Source: Medicare Provider Utilization and Payment Data: Inpatient for FY2014

Average Covered Charges: The provider's average charge for services covered by Medicare for all discharges in the MS-DRG. These will vary from hospital to hospital because of differences in hospital charge structures.

Average Total Payments: The average total payments to all providers for the MS-DRG including the MSDRG amount, teaching, disproportionate share, capital, and outlier payments for all cases. Also included in average total payments are co-payment and deductible amounts that the patient is responsible for and any additional payments by third parties for coordination of benefits.
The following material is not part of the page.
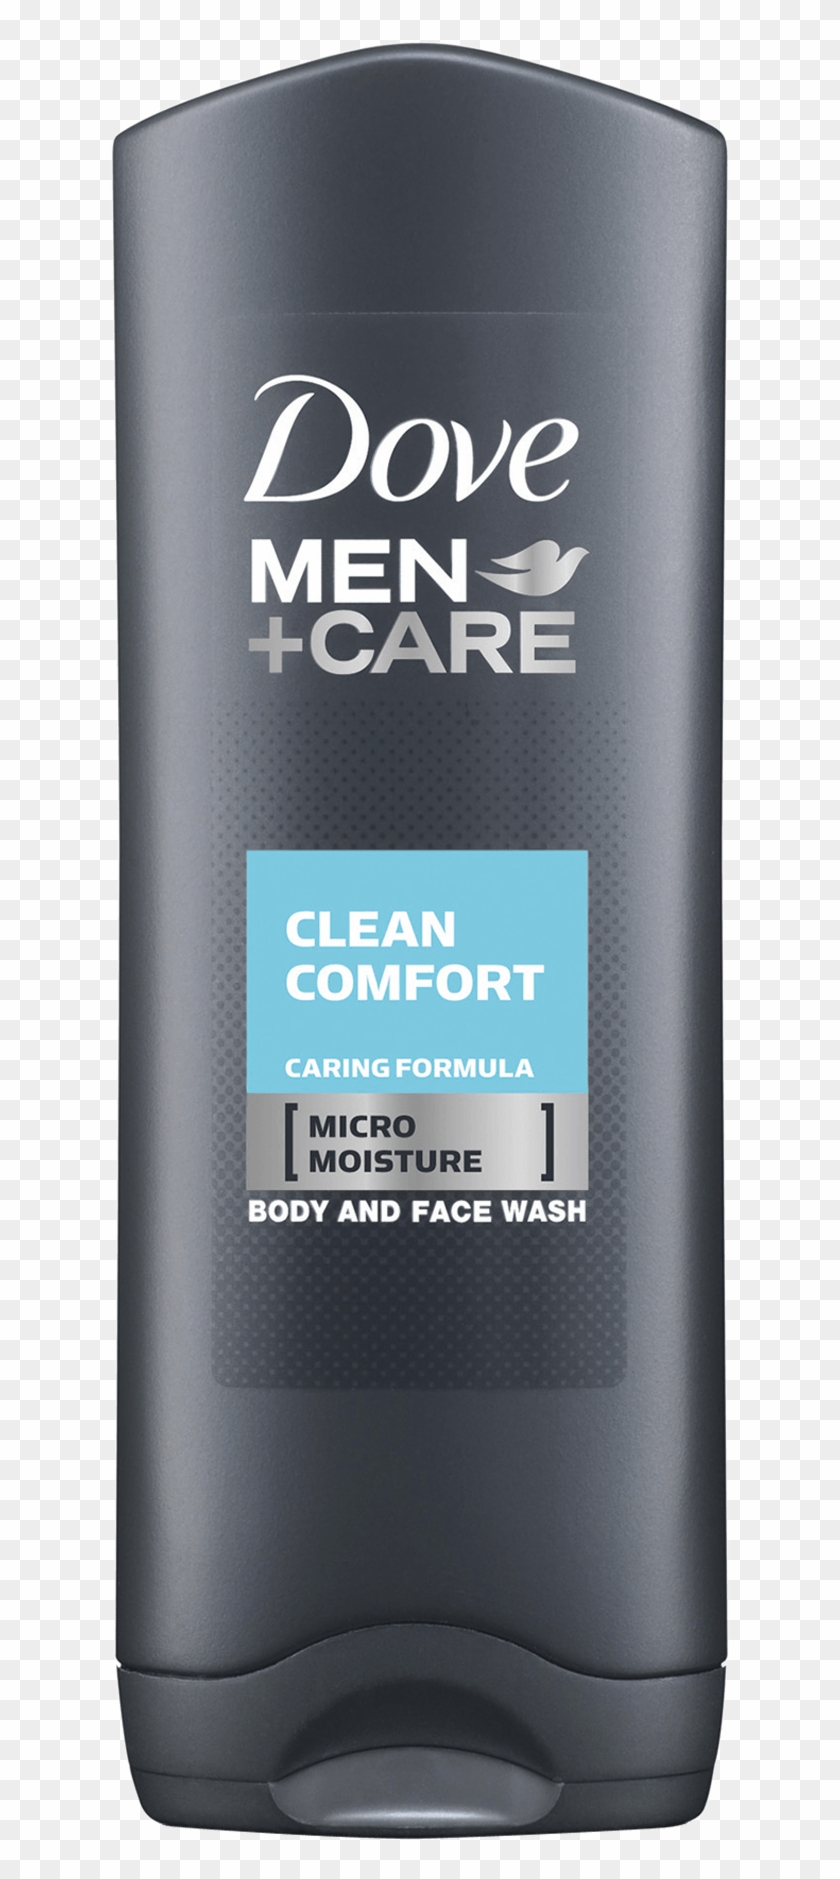 The Dove Men's Shampoo Commercial Uses Gender Roles - Dove Men Care Clipart #3361845

Average Medicare Payments: The average amount that Medicare pays to the provider for Medicare's share of the MS-DRG. Average Medicare payment amounts include the MS-DRG amount, teaching, disproportionate share, capital, and outlier payments for all cases. Medicare payments DO NOT include beneficiary co-payments and deductible amounts nor any additional payments from third parties for coordination of benefits. Note: In general, Medicare FFS claims with dates-of-service or dates-of-discharge on or after April 1, 2013, incurred a 2 percent reduction in Medicare payment. This is in response to mandatory across-the-board reductions in Federal spending, also known as sequestration

Hospital Rank: We have calculated the rank for each procedure within a hospital. The left number is the national ranking, the right one is the state ranking. For discharges, ranking is from highest # of discharges to lower (hospital with highest number of discharges ranks first). For charges and payments, lowest means a higher ranking.